Records supplied:
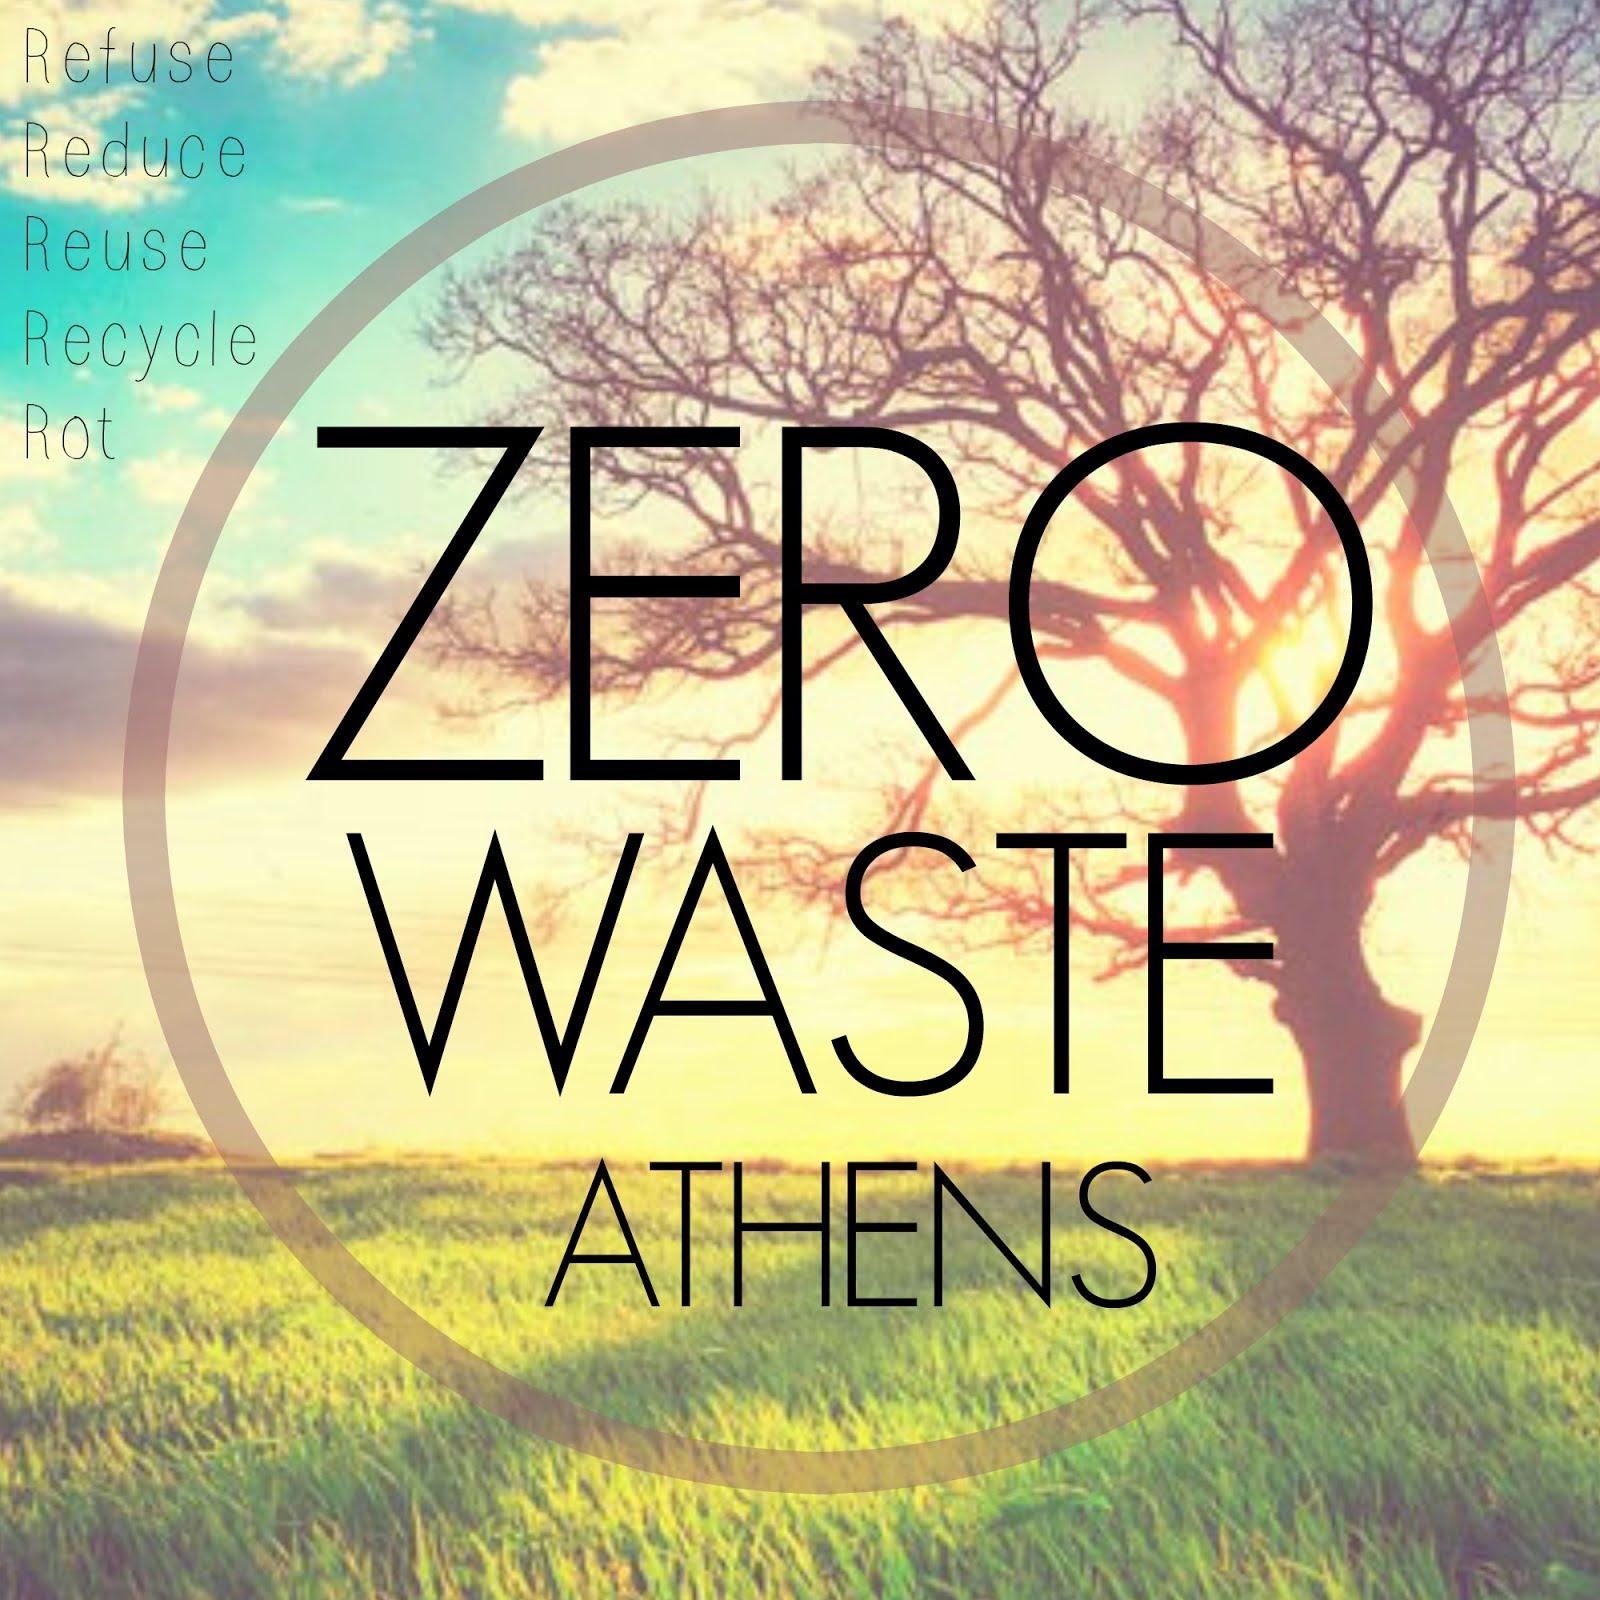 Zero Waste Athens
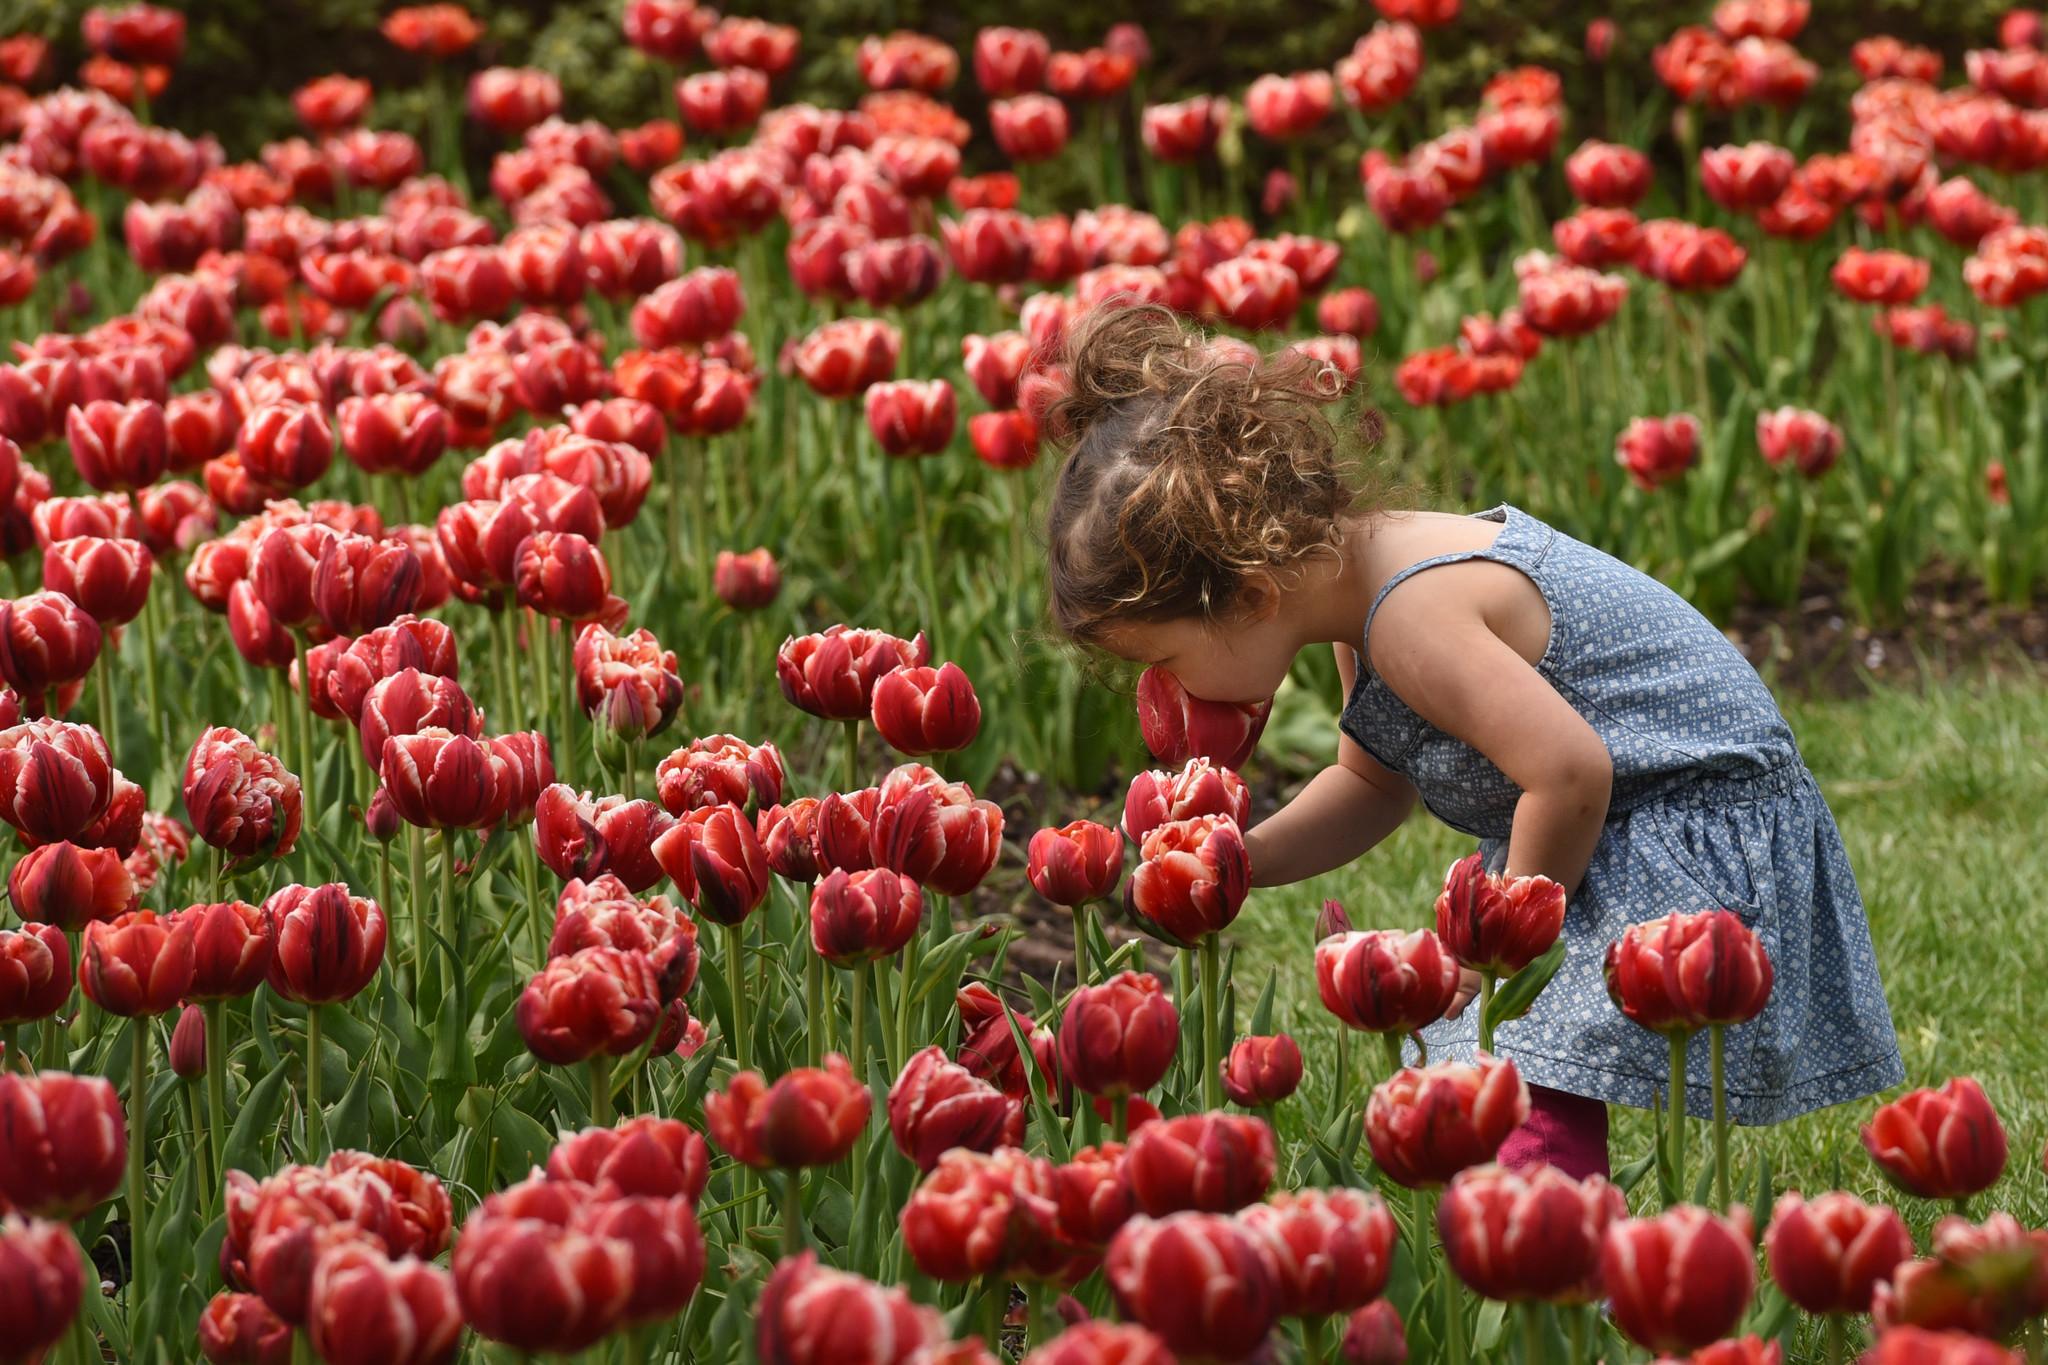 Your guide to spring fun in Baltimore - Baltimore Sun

...

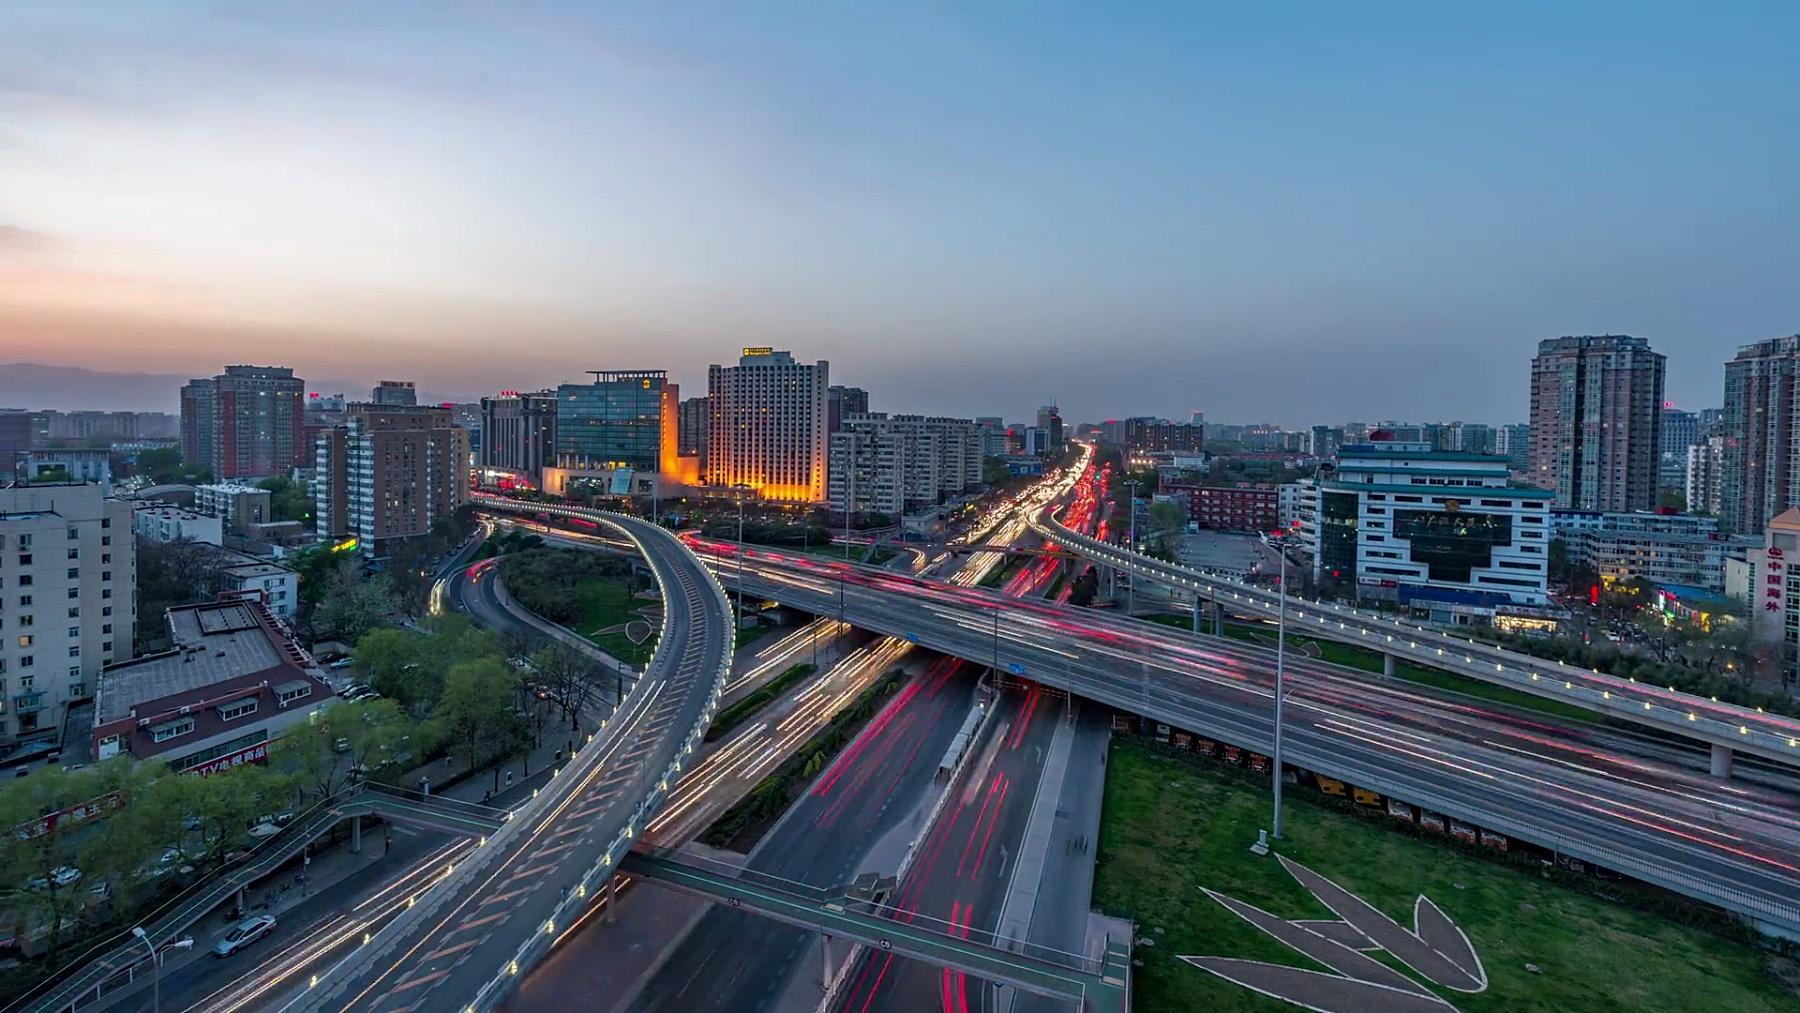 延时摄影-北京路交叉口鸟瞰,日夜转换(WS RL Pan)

--

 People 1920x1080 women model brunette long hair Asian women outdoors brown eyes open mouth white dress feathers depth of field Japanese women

Exercise brief:
Of the lines above, quote exactly those from the one with "Zero Waste Athens" through the one with "Your guide to", ends included; pictures stay out.

Answer section:
 Zero Waste Athens
 Your guide to spring fun in Baltimore - Baltimore Sun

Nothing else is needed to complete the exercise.